On a foggy stretch of San Francisco’s retail corridor, Andon Market has become a kind of live experiment—part boutique, part software demo, and part stress test for the idea that an artificial intelligence agent can do more than recommend products. It can order them, restock them, and shape what customers see when they walk in.
The store is being promoted as the first retail boutique run by an AI agent. But the early public reaction hasn’t been “wow, it’s perfectly optimized.” Instead, it’s been a more human verdict: the inventory feels oddly random, and there are, in the words of multiple shoppers, too many candles.
That detail—candles, again and again—has turned into a symbol. Not because candles are inherently a problem, but because they point to something larger: when an AI system is tasked with running a store, it doesn’t just manage logistics. It also makes choices about taste, variety, and what “good retail” looks like. And if those choices aren’t aligned with customer expectations, the mismatch becomes visible immediately.

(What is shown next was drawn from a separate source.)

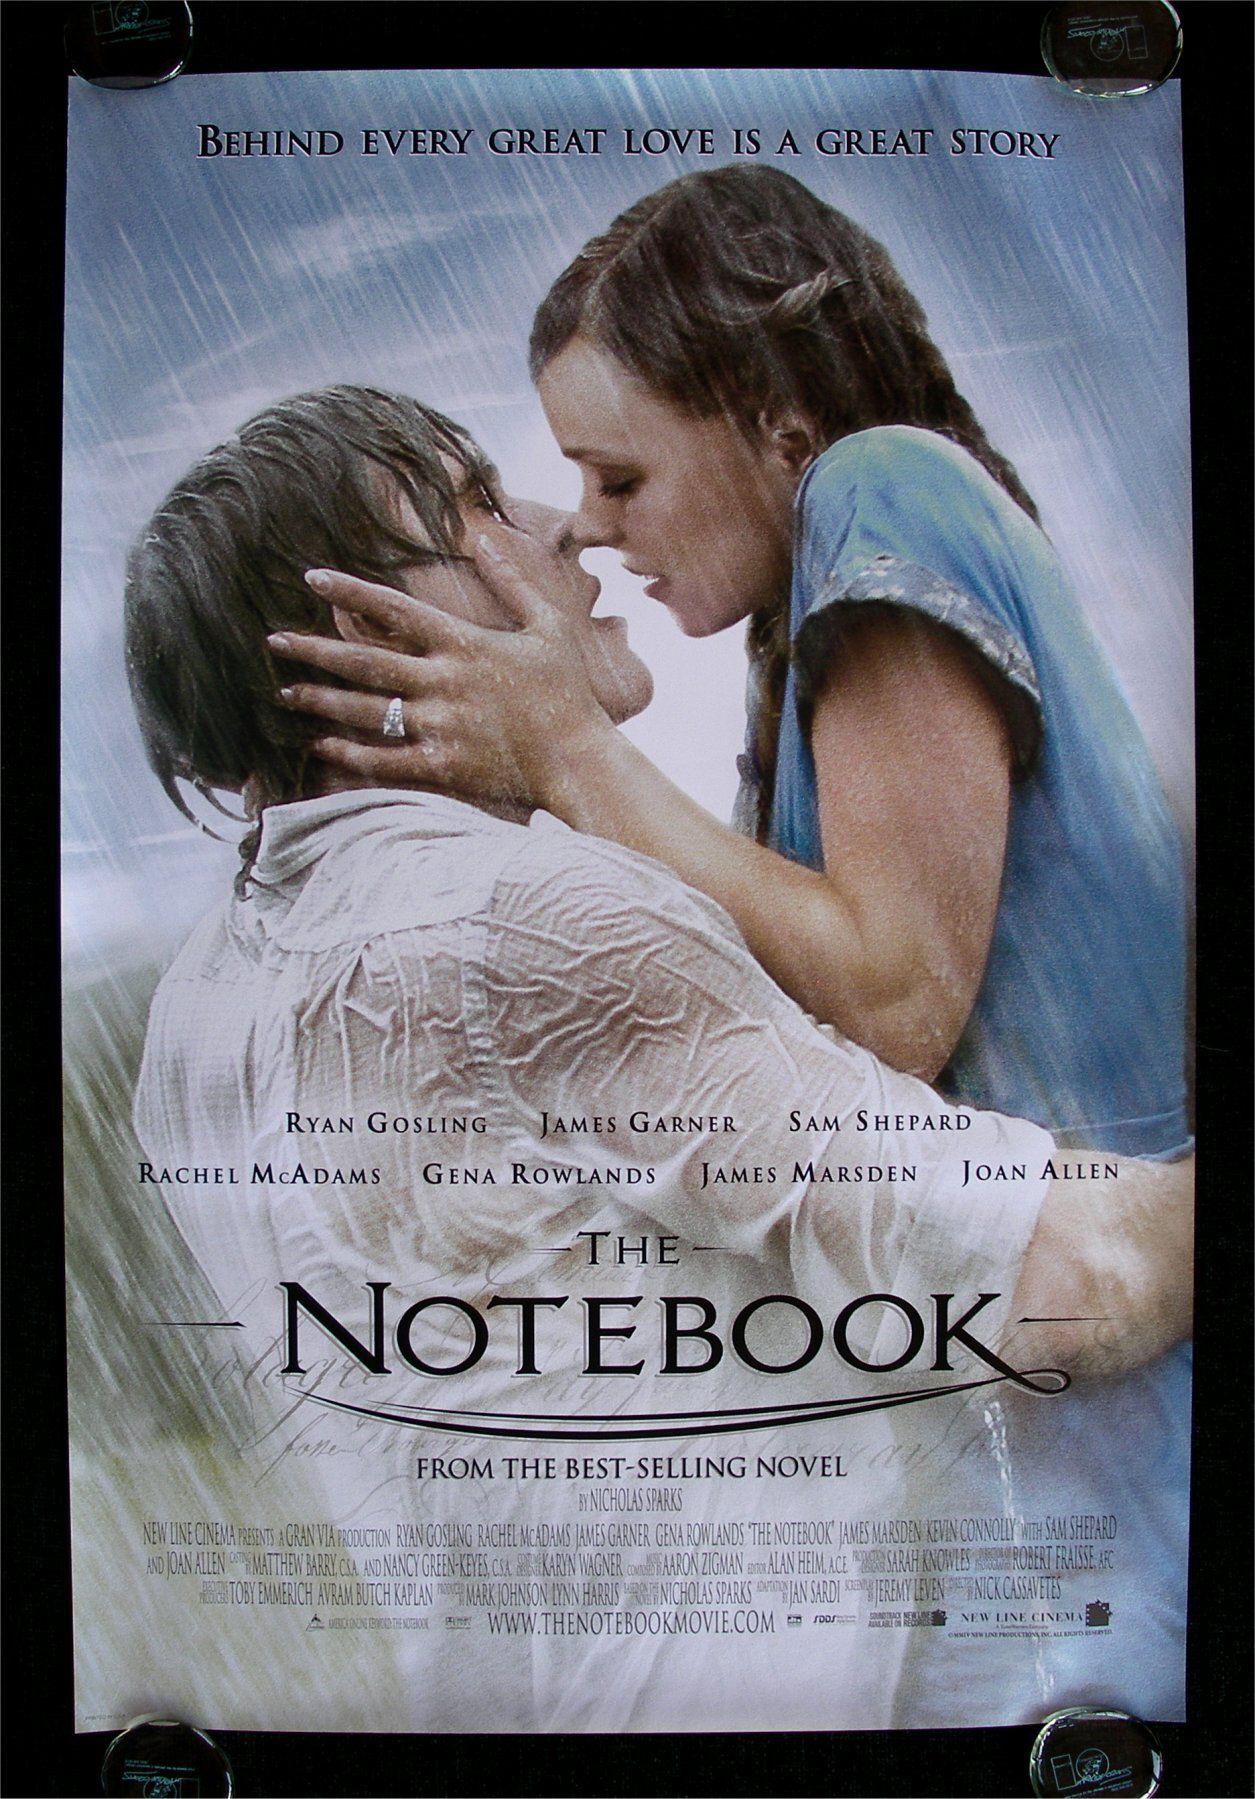 Gifford Gies Notebook Film Still

What Andon Market appears to be showing, at least so far, is that retail is not only a supply chain problem. It’s a cultural and behavioral problem. It’s about rhythm: what people want today, what they might want next week, and how a store signals that it understands them. An AI agent can be excellent at certain kinds of optimization—predicting demand, minimizing waste, responding quickly to trends—but it may still struggle with the softer parts of retail that humans learn through experience.
In other words: the store isn’t failing because the AI can’t operate. It’s failing, or at least wobbling, because operating a store is not the same thing as running one well.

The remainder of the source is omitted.